Can you do it a couple of times at as low a temperature as possible, and extrapolate the results?

Or add something to stabilise it that's much more soluble than the material under scrutiny?

Tongue in cheek for a lunchtime diversion - look up Isaac Asimov's story, called something like "The endocrinic properties of (some long organic compound name)" in which he described a material that dissolved before it touched the solvent and hence led the way to time travel!! He wrote it during his Doctorate and told the publisher not to publish before his viva in case it prejudiced his degree. Alas the publisher failed to follow his instruction and the interviewer had read the story - but took it in good spirit.
 
I cannot go under 15deg C. Stabilizer is already there.It is a crystallization of an inorganic peroxide which we get by a reaction of two reactants and is salted out from nearly saturated NaCl (or Na2SO4)solution. I need the solubility as a function of concentrations of reactants and conc. of salt. The side reaction is H2O2 decay.The problem as I see it is that I cannot come to some equilibrium, the ratio of components is changing fluently. Any idea?
PS: Asimov wrote whatever crossed his mind, the more bizzar, the better.Nice fellow. But sometimes it really happens that a cause comes after the consequence -I can proove it from our sales data that soon after an increase of sales of one of our products(outdoor paints) a period of nice weather follows...
m777182
 
The thiotimoline had practical application -- at least in the story. Has your problem ?
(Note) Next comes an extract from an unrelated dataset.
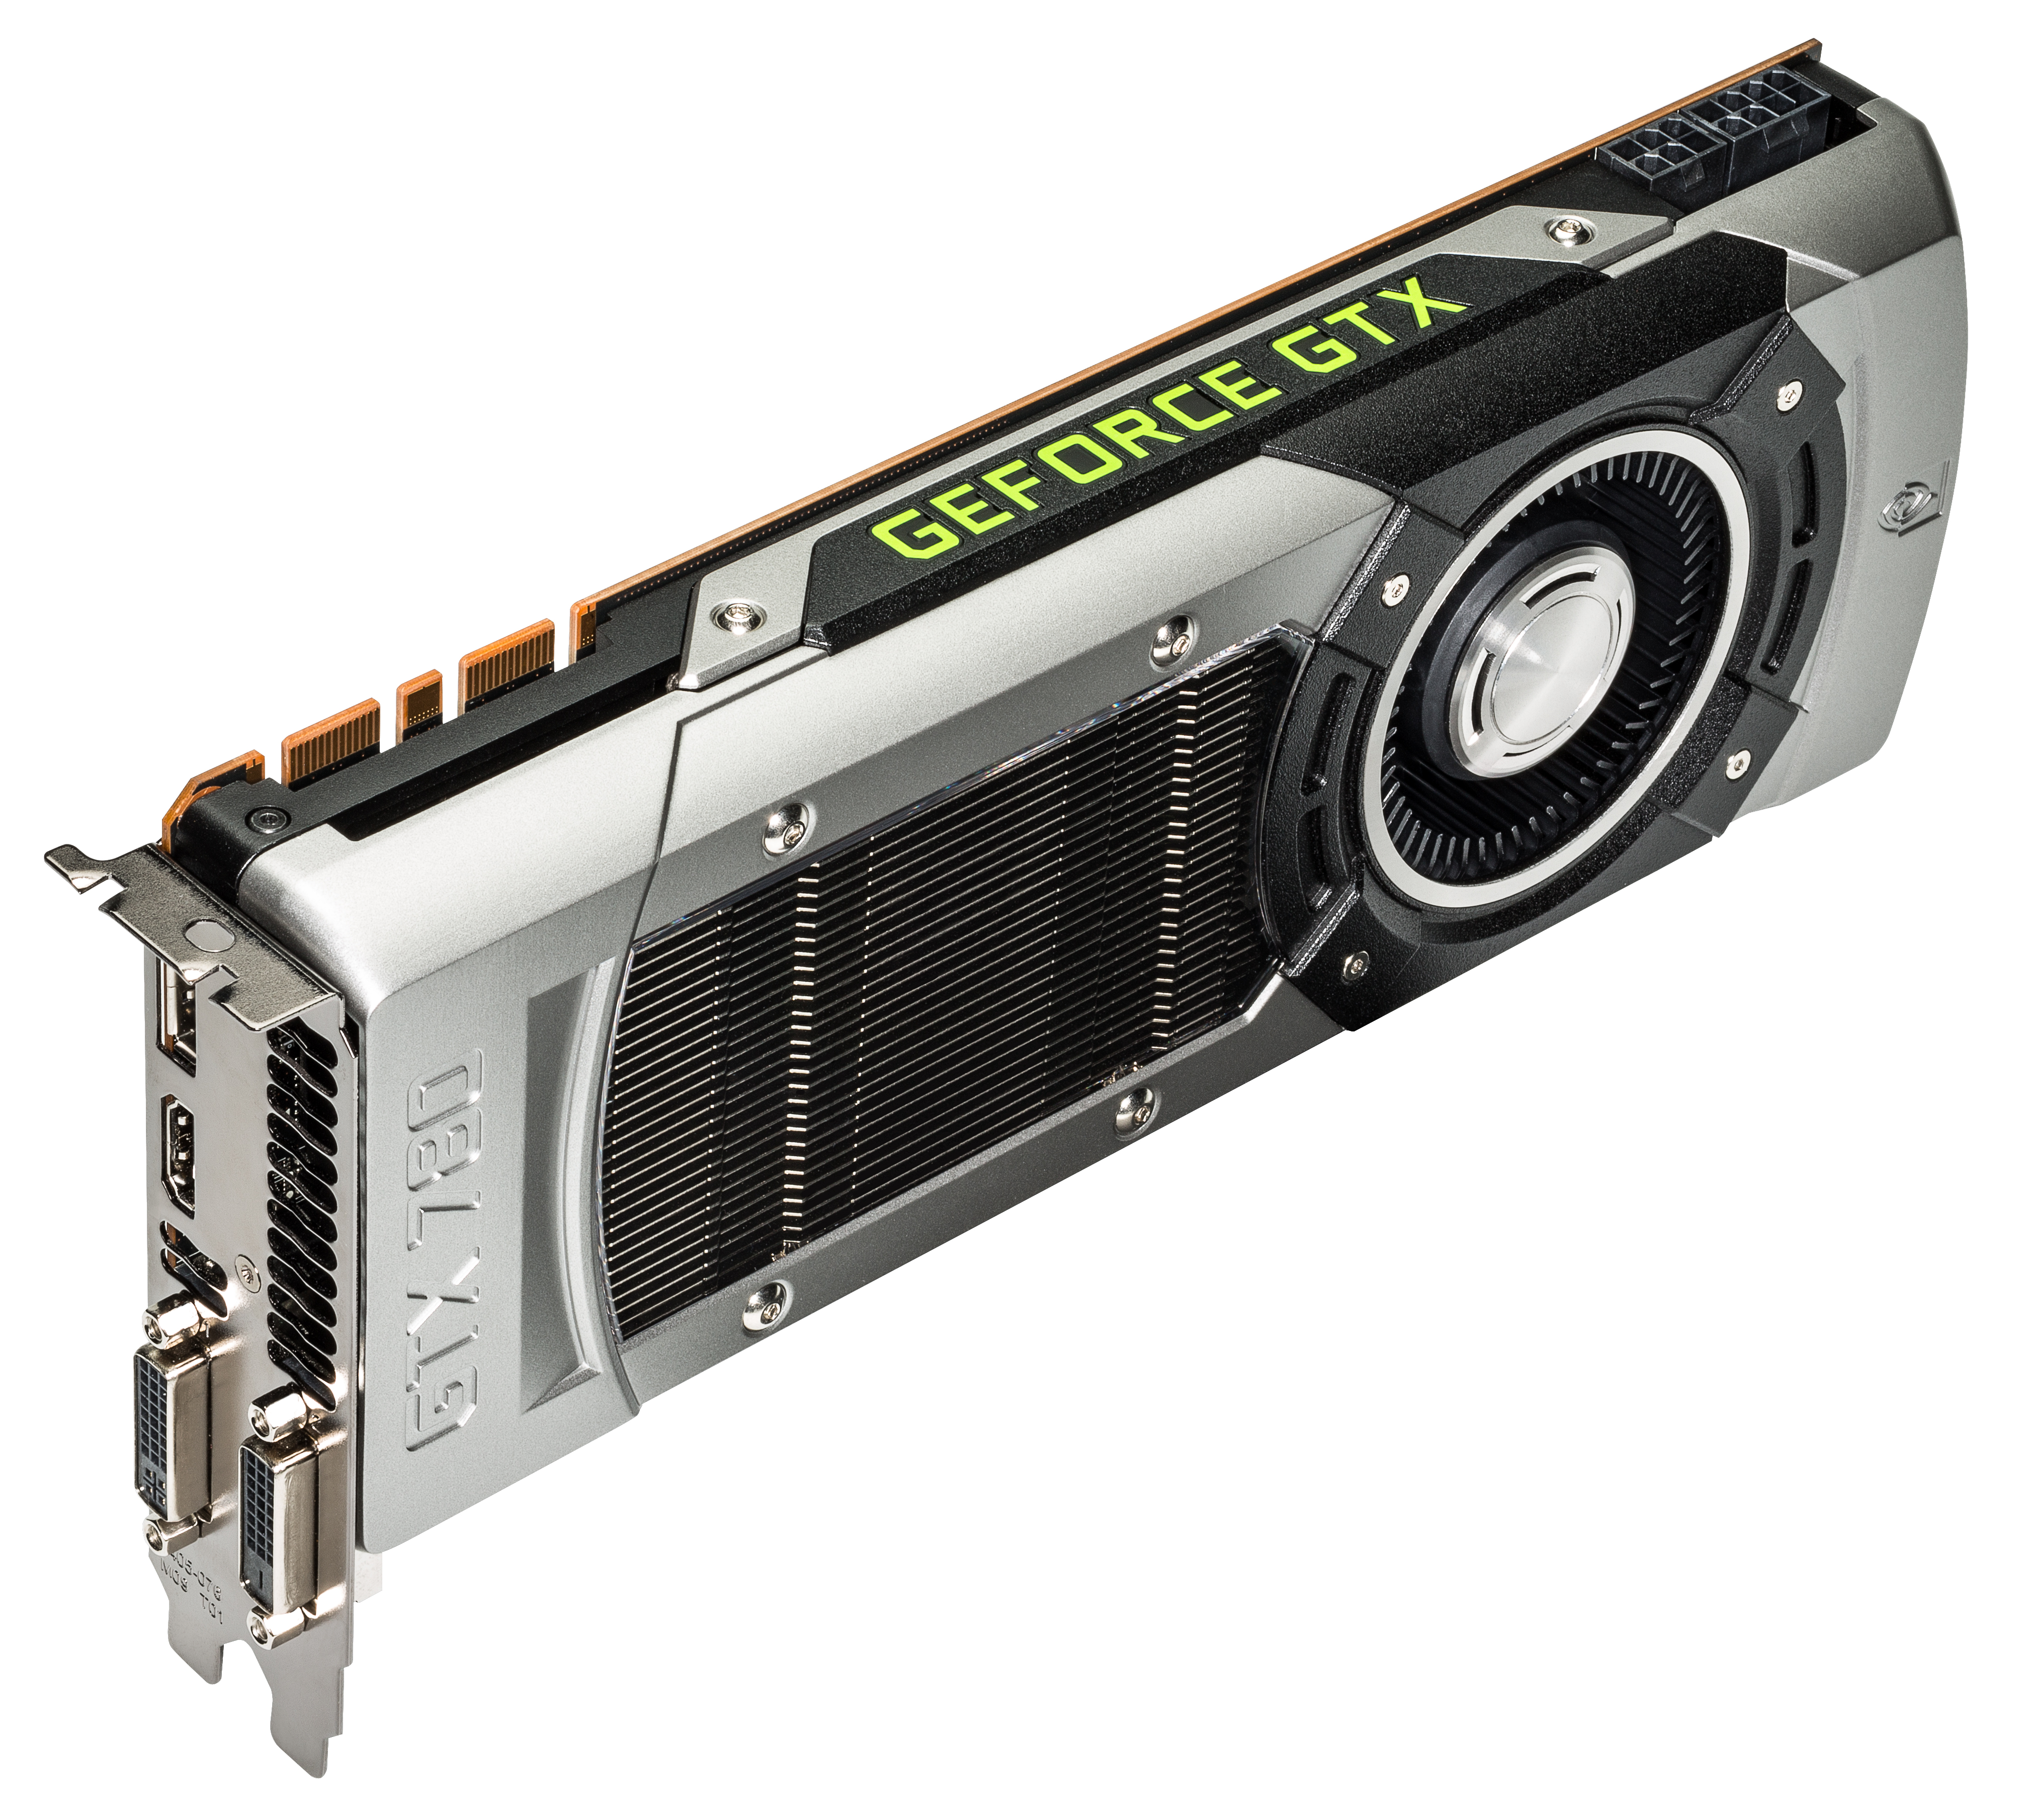 Nvidia Geforce Gtx 780 Review The New High End

<nbucska@pcperipherals.com>
 
Hello nbucska,
regretfully I do not know anything about thiotimolin.Could you give me a hint?
m777182
 
Thiotimolin was Asimov's ficticious substance.

Your aim is a bit unclear, but could you:
- decompose the dissolved mother liquor and back calculate from this to what was in solution?
- look at yield of product material as a function of NaCl concentration?
- measure the time-changing concentrations and model the system?
 
I haven't the faint idea of what the inorganic salt is, however when speaking of hydrogen peroxide one must consider that the weakly acidic H2O2 adds water on decaying, thus changing the reactant concentrations.

Besides, H2O2 is quite versatile and can react by molecular additions, substitutions, oxidations and reductions directly as is or by ionizing or dissociating into free radicals.

More often than not these reactions are quite complex and may be catalyzed or otherwise influenced by the environment.